Perhaps I should have asked him outright:
Do you believe Lady Brinkburn is committing adultery with her librarian?
I think I held back partly from respect for him and his perplexed loyalty, but more because he was not the proper person
to ask. Only two people would know for certain, and if I needed an answer it should come from one of them.
‘How did Handy’s body get into the crate?’ I said.
Relief flickered in his eyes at the question I hadn’t asked.
‘I don’t know, and that’s the honest truth.’
‘You told the inquest you weren’t there on the Monday morning when the carter came to take the crates away. Was that true?’
‘Yes.’
‘So you wouldn’t have noticed then that there was an extra crate. You said you glanced through the window at them on Sunday
night, after you’d sent Handy packing. But Handy wasn’t there. Are you still claiming you looked through the window at the
crates?’
‘I did, yes, just to check.’
‘And the door was padlocked?’
‘Yes.’
‘You said everything seemed to be in order. Was that true?’
‘It was only a quick glance.’
He’d said that he was no good at lies. It was true. I could tell he was keeping something back.
‘So were there the right number of crates then–no extra one?’
He hesitated.
‘I’m not sure. I told you, I only glanced.’
‘So you can’t be sure?’
‘No.’
‘Could anybody have put an extra crate in there without your knowing about it? You’re a careful steward. You keep an eye on
things.’
He said nothing.
‘And what about the padlock on the door?’ I said. ‘Who keeps the key to it?’
‘The keys to the outhouses hang on a hook just inside the scullery door.’
No hesitation this time. He was glad to have a question he could answer easily.
‘So anybody in the household could have known about the key and used it?’
‘Anybody, yes.’
‘But it would have made a noise, wouldn’t it? The door opening, a crate being carried in. Wouldn’t somebody have heard?’
‘We all go to bed quite early. Her ladyship doesn’t keep us up.’
‘So you’re saying it would’ve had to be brought in after most people were in bed?’
‘I’m not saying anything. I don’t know.’
There was stubbornness as well as distress in his voice. I got up and opened the window on the garden. A bumblebee blundered
in. Mr Whiteley’s eyes followed it.
‘I suppose Simon Handy knew in advance that the armour was going up to London,’ I said.
‘Yes, I doubt he cared about it, though. It all had to be carried down and cleaned and dusted, but he didn’t do a hand’s turn
to help. He never did. Thought it was beneath him, I expect.’

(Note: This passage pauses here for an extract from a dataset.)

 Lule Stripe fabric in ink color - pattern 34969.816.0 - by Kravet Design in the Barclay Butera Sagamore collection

Now he thought we’d moved away from a dangerous area, Mr Whiteley was more willing to talk.
‘So he was idle?’ I said.
‘Bone idle. I never saw him put his hand to anything useful all the weeks he was here. He told me he was a valet. I said there
was no gentleman in residence to valet for, so he’d better make himself useful in other ways. He never did.’
‘And yet he was complaining of being given too much work to do,’ I said.
‘What!’
Mr Whiteley’s mouth fell open. I quoted Violet’s words without letting him know they came from her.

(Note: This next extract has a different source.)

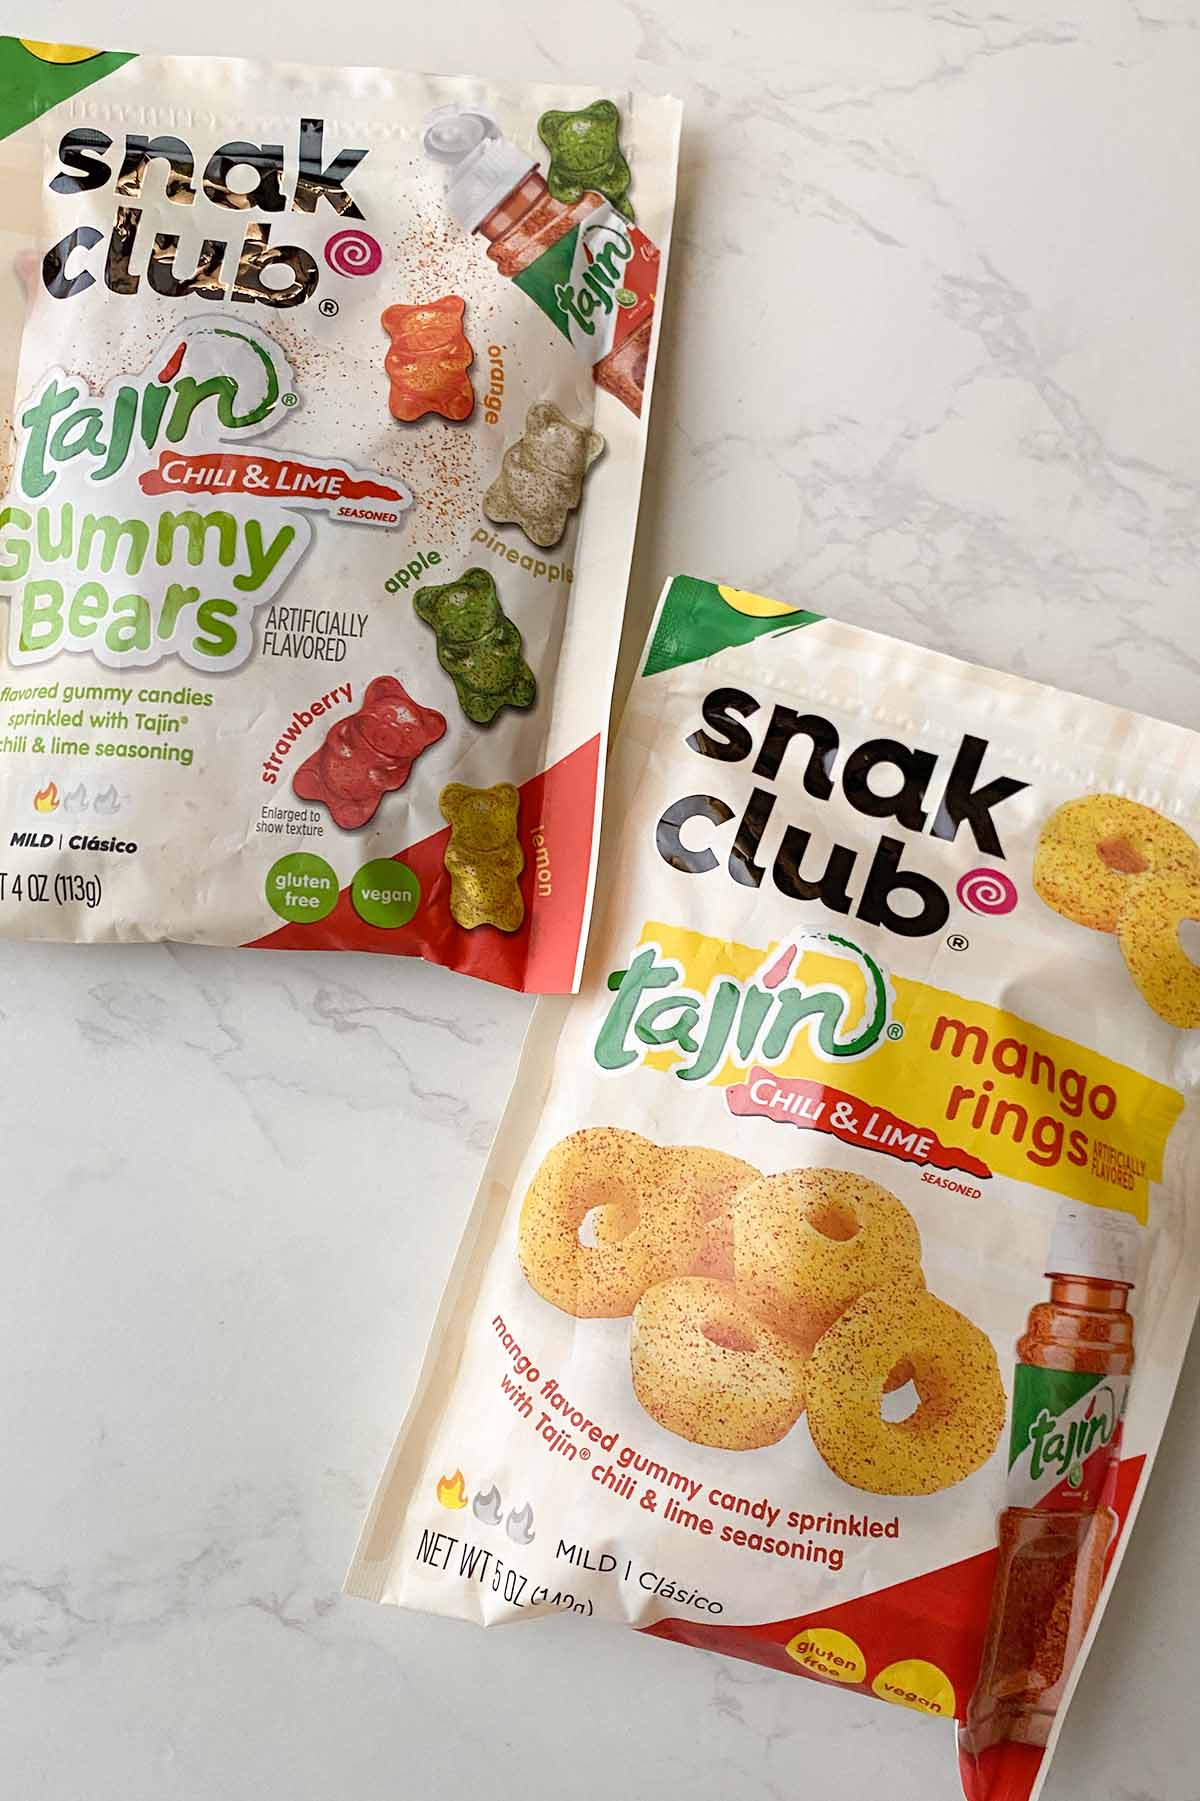 bags of Snak Club vegan gummy bears and mango rings on a white table

‘He said he was being asked to do too much and it wasn’t fair on a man.’
‘That’s nonsense. I’ve never known a man do less.’

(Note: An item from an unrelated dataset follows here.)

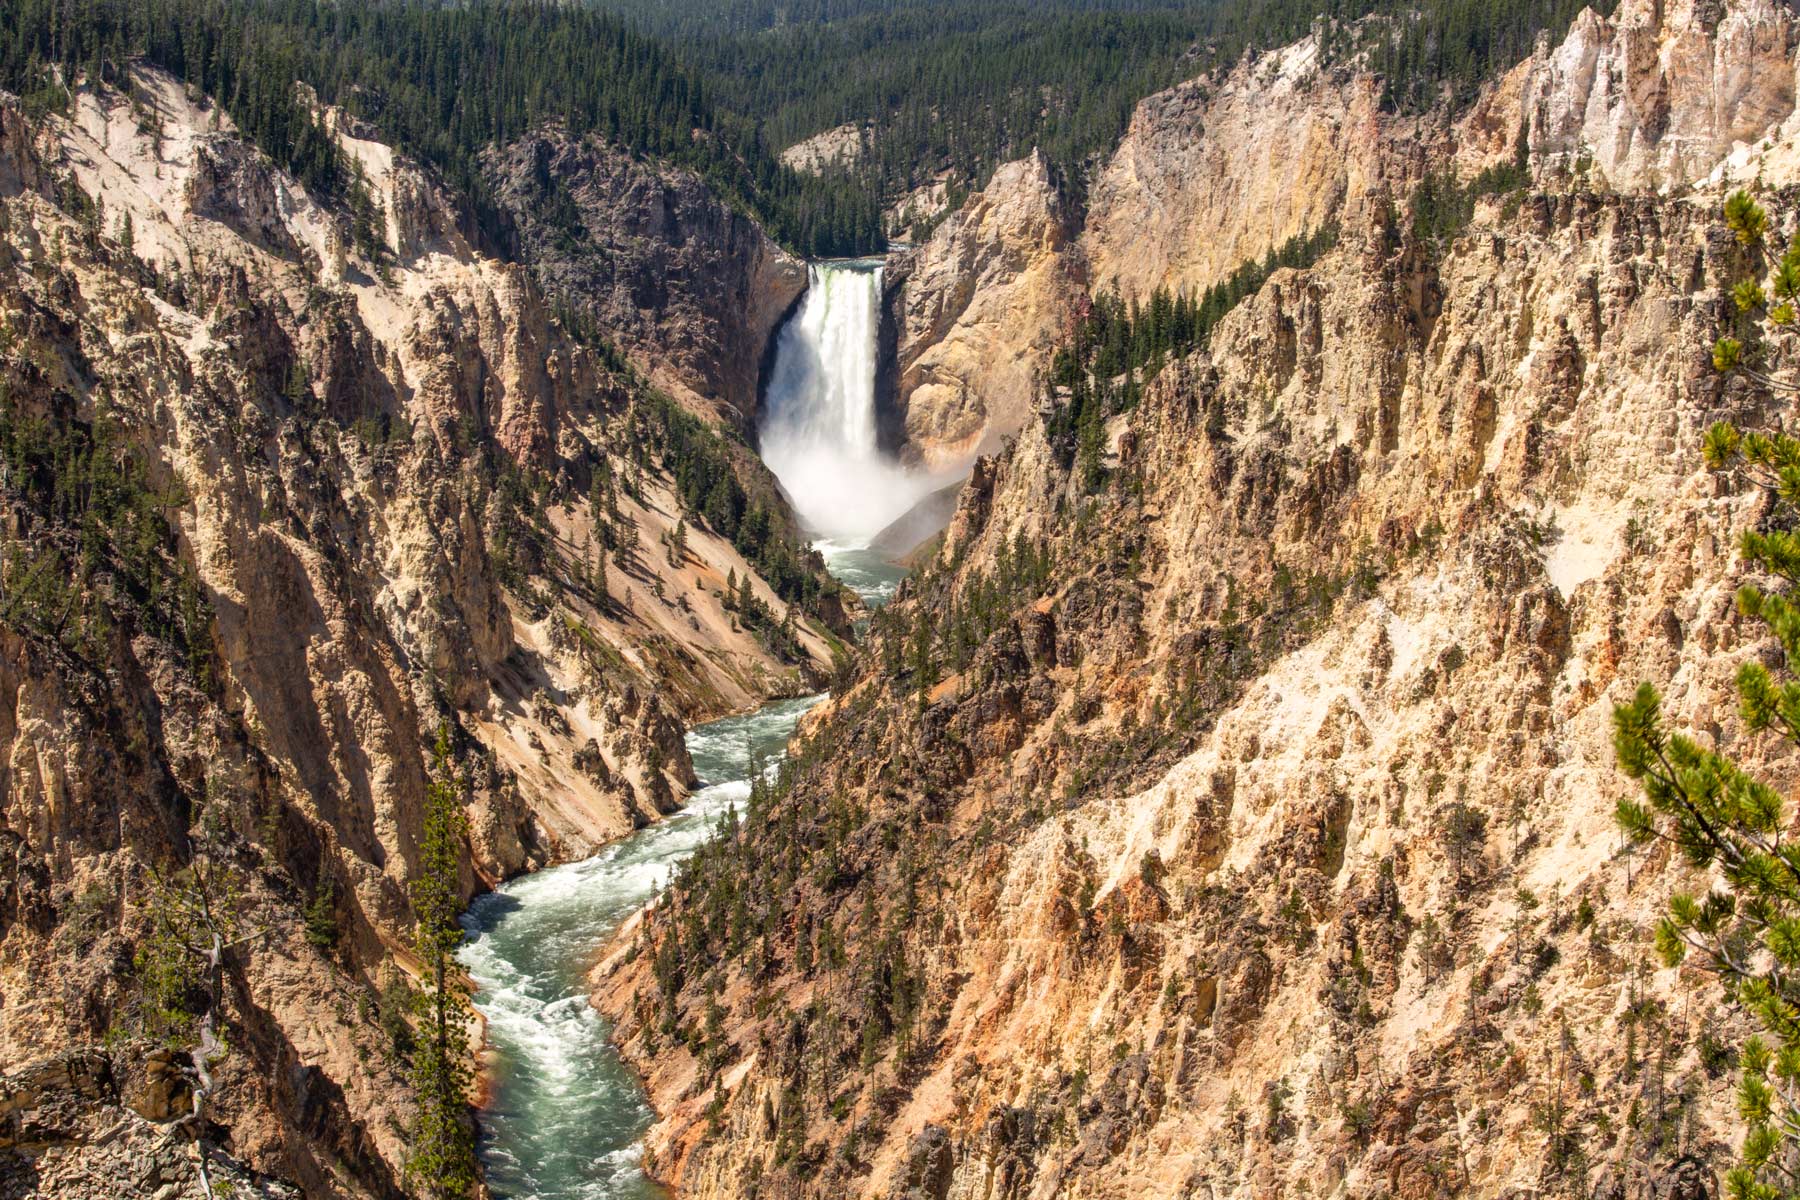 yellowstone national park, most visited national parks

His indignation was genuine, his cheeks flushed.
‘So what do you think he meant?’ I said.
‘Goodness knows.’
‘Could he have been working for somebody else?’
‘I doubt it. It’s true he’d be away for days on end, but I can’t see that one doing honest work anywhere. Besides, there’s
not much call for valets round here.’
‘It occurred to me that somebody might be paying him to report on what was happening at the hall,’ I said.
I watched as he turned it over in his mind. He didn’t hurry to deny it.
‘Why do you think that?’ he said at last. ‘Something I found out in London.’